**TASK STATEMENT**
Could you retype exactly the lines below between the one holding "Spanien, Katalonien, Tarragona, alte" and the one holding "Trilha sonora de filmes para halloween", inclusive, leaving out any pictures?

**RECORD EXTRACTS**
== == ==
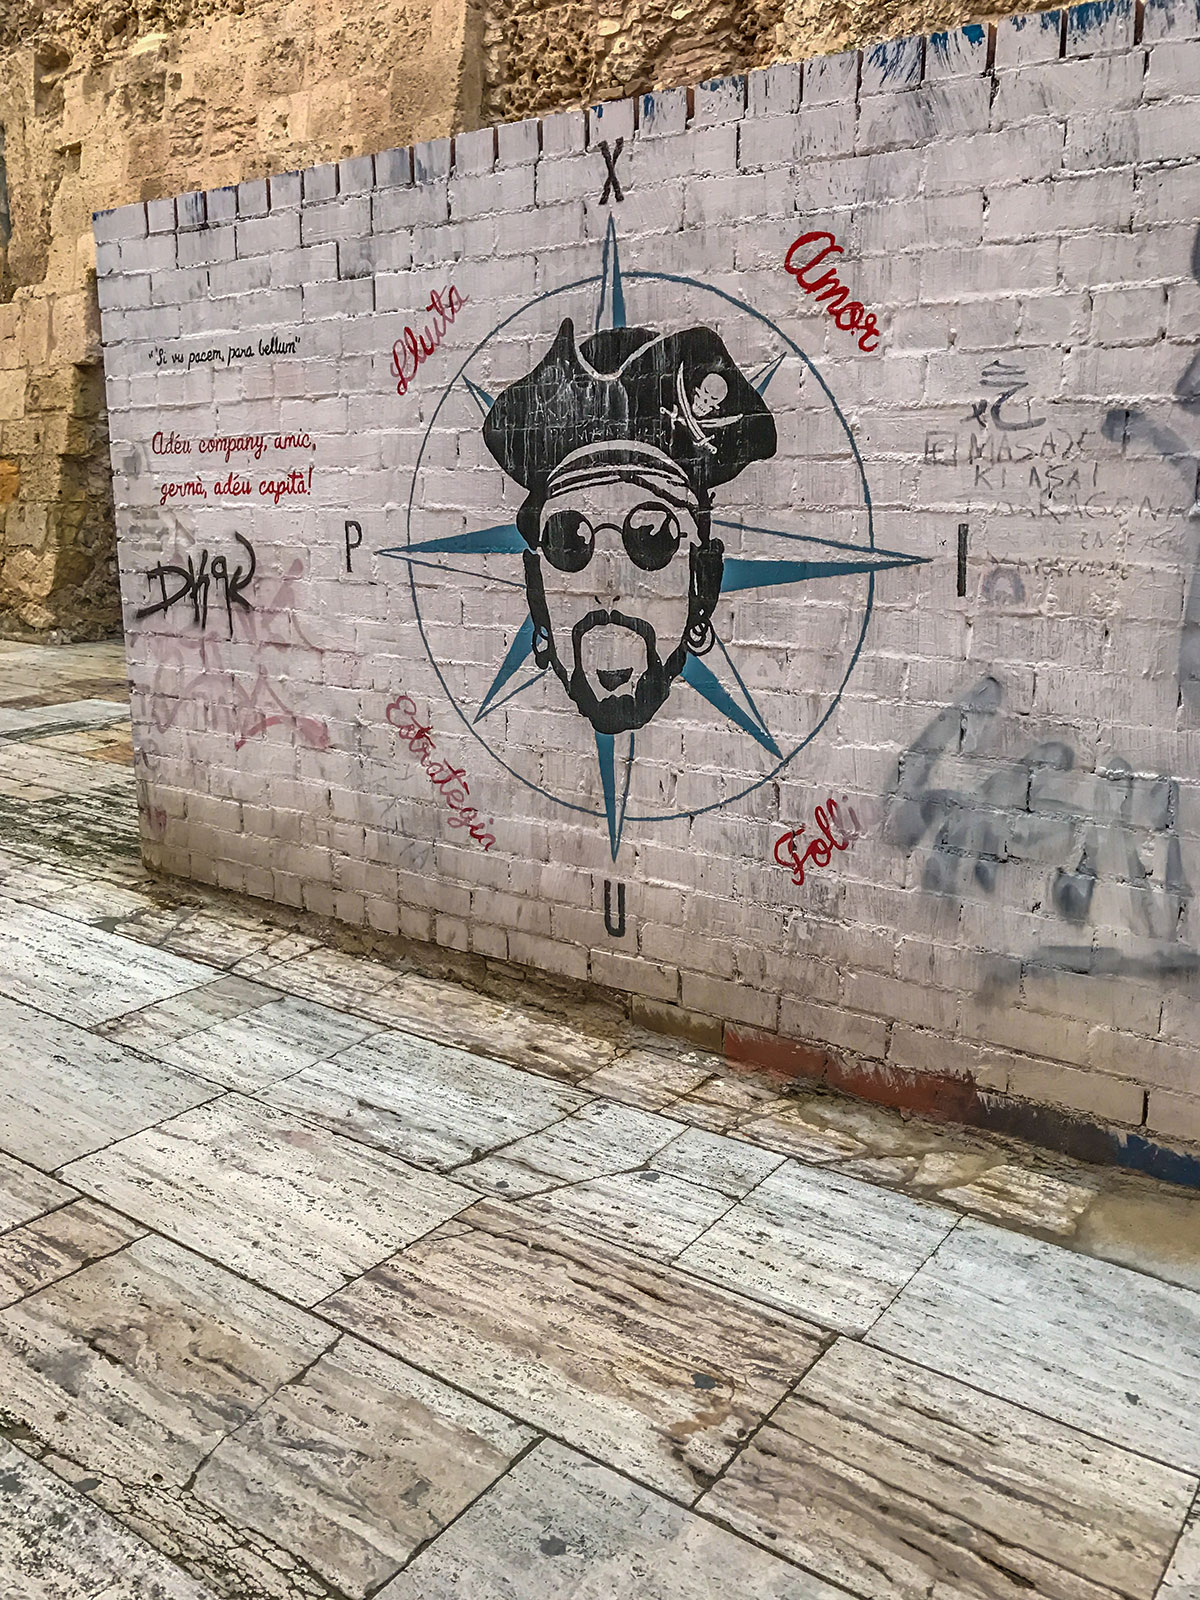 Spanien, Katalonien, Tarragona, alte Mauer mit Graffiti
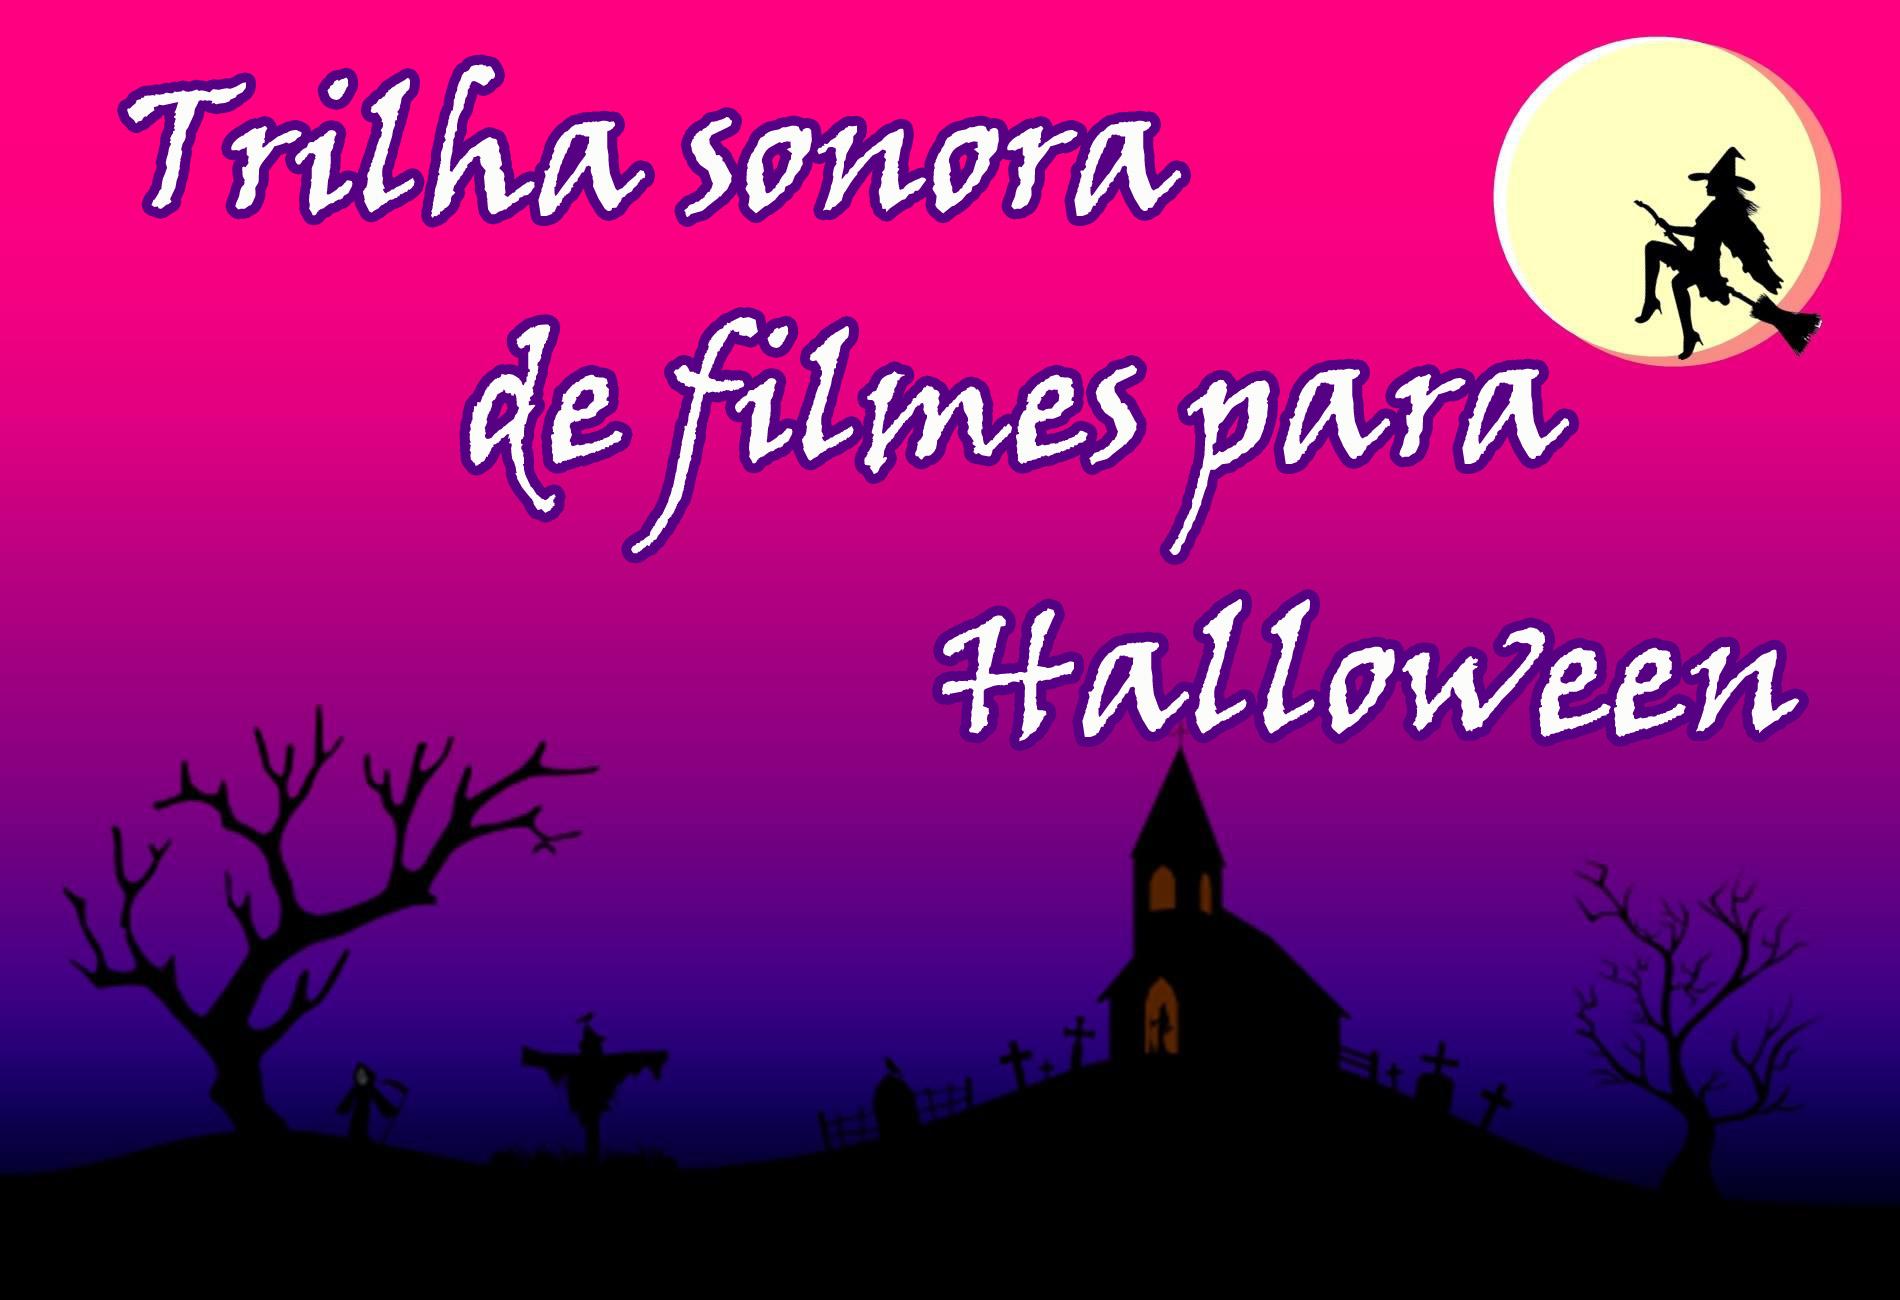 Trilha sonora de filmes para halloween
== == ==
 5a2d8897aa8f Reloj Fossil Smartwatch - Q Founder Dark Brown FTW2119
== == ==
**ANSWER SECTION**
 Spanien, Katalonien, Tarragona, alte Mauer mit Graffiti
 Trilha sonora de filmes para halloween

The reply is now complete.